Find the line with "2-Piece Slim Fit" in the records below. Output exactly from there until after the line with "woman-sunflowers-smell-sun", without pictures.
Segment Start: Data to process
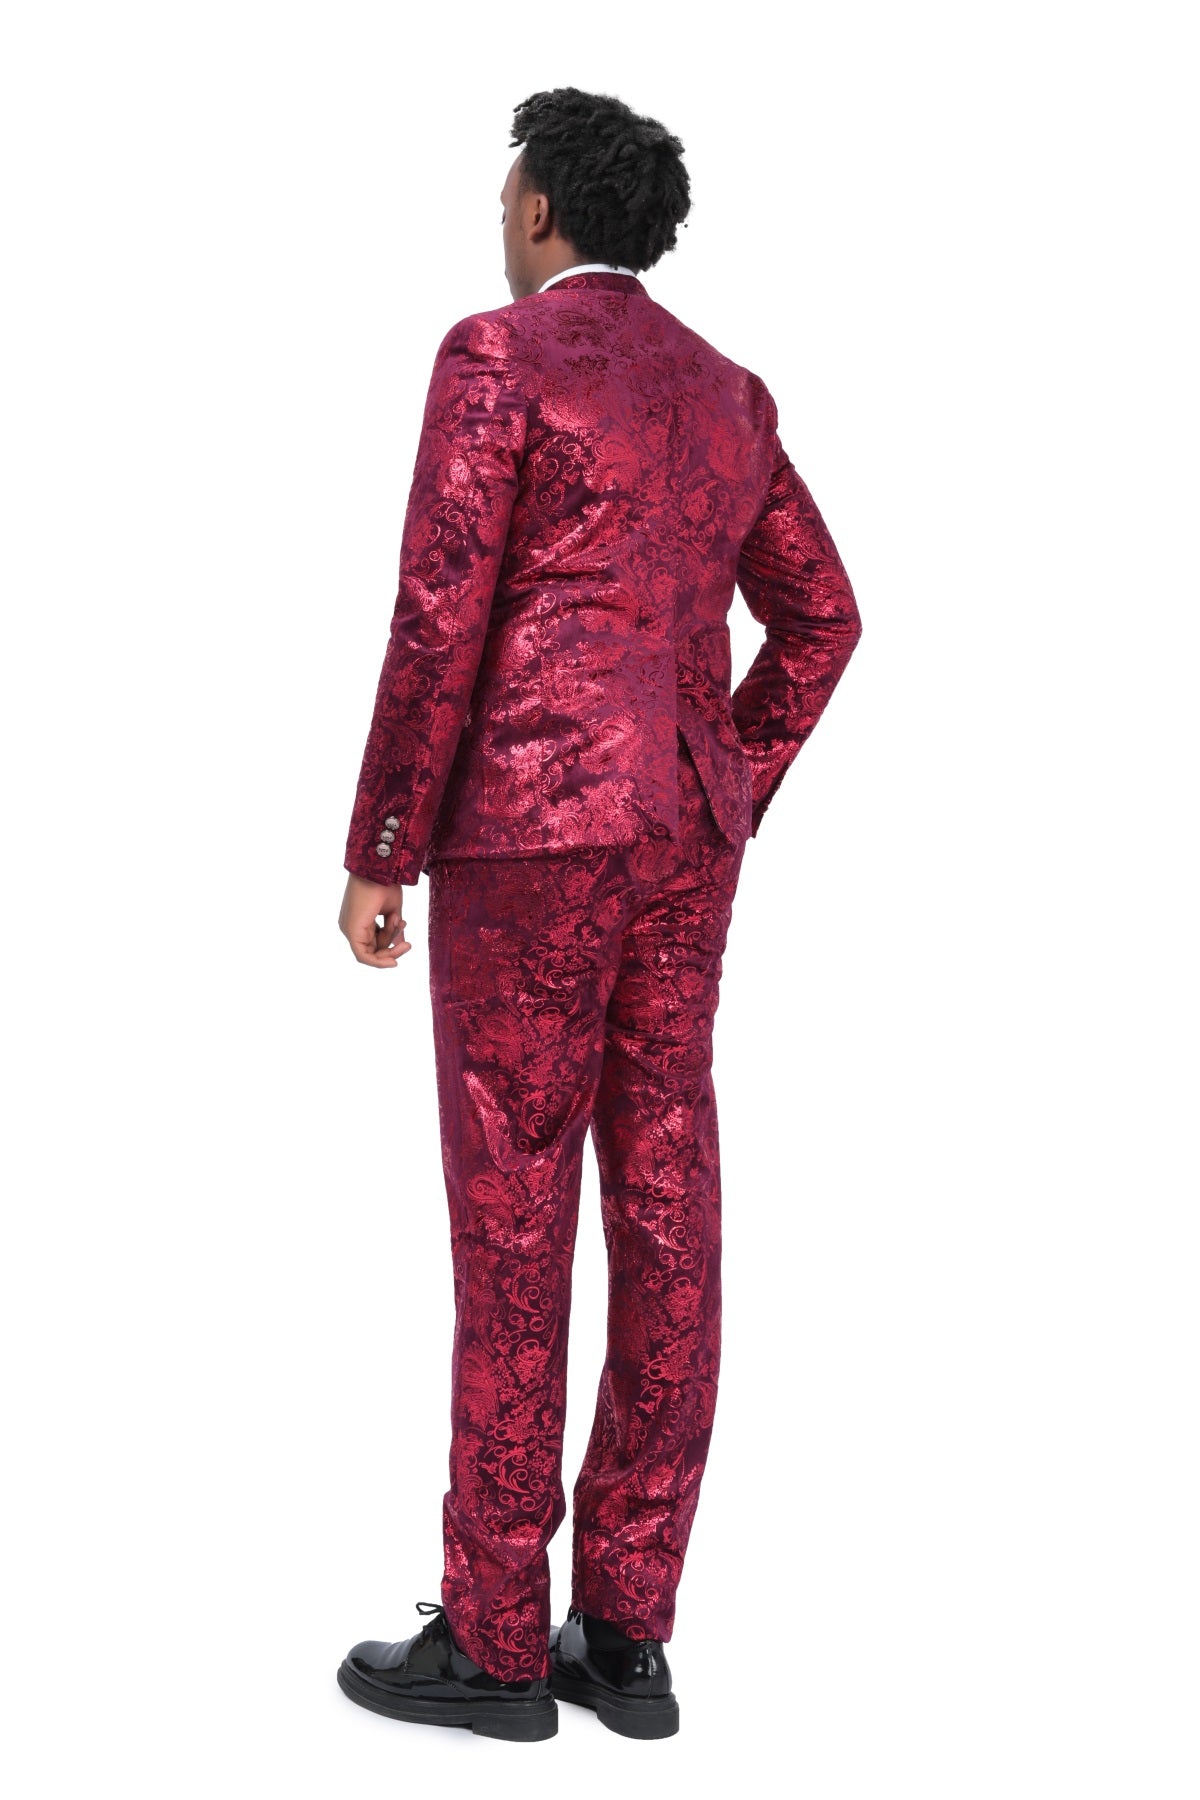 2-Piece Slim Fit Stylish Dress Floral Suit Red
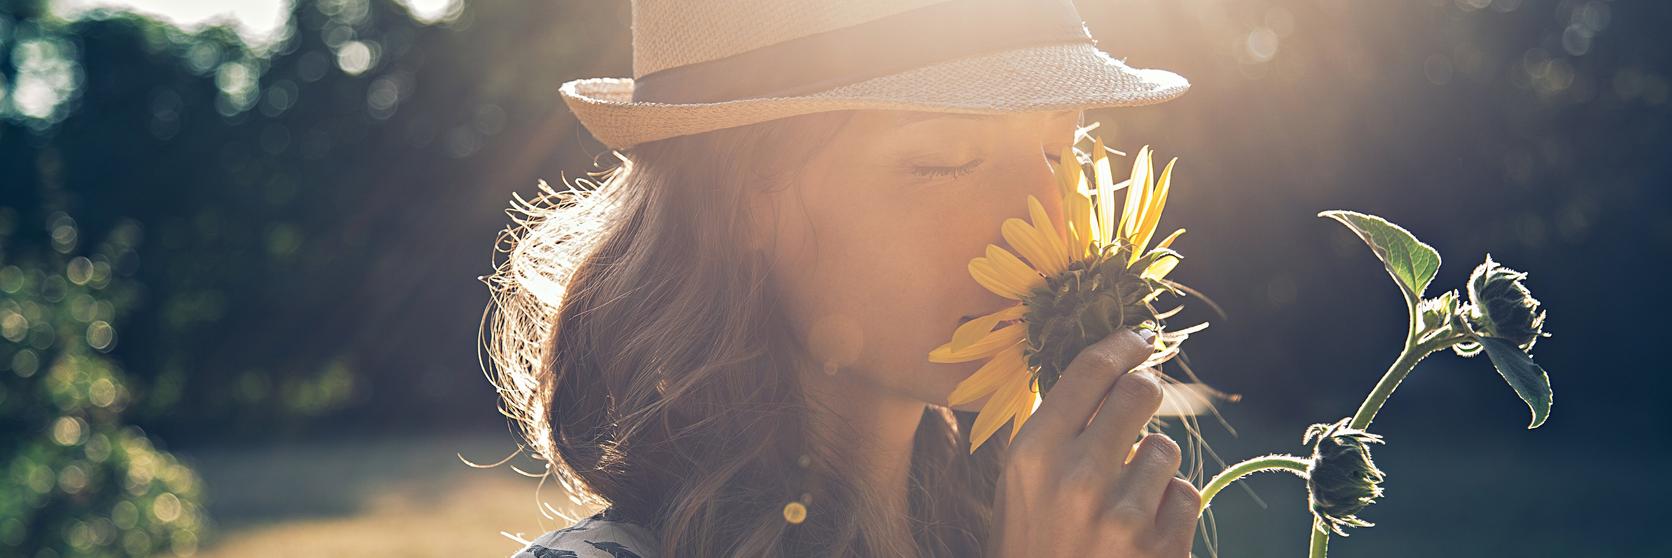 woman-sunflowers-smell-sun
Segment End: Data to process
Segment Start: Data to process
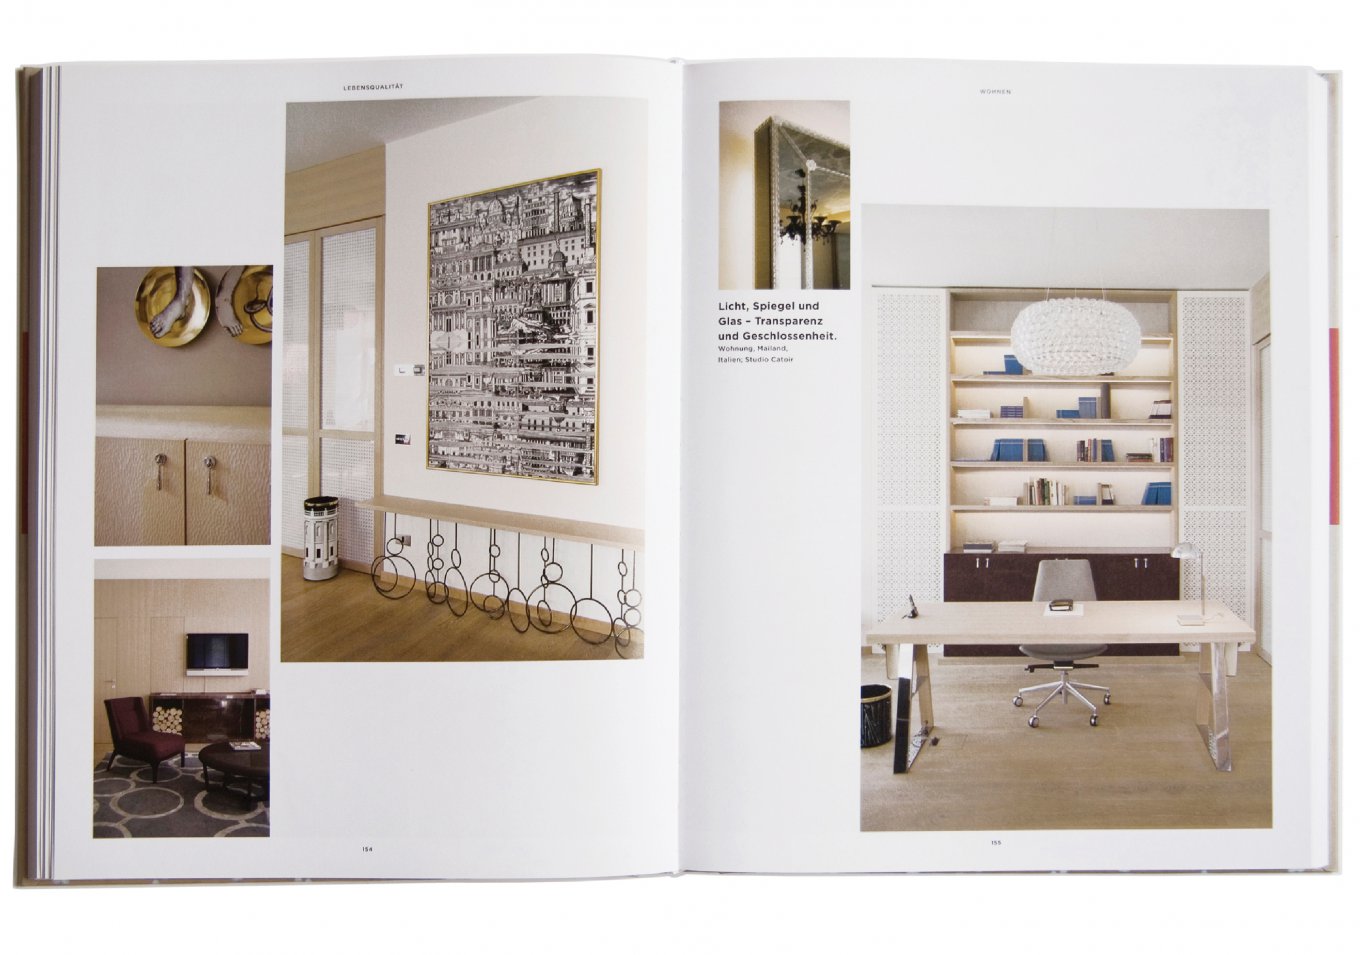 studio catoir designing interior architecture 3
Segment End: Data to process
_Response to this exercise_.
 2-Piece Slim Fit Stylish Dress Floral Suit Red
 woman-sunflowers-smell-sun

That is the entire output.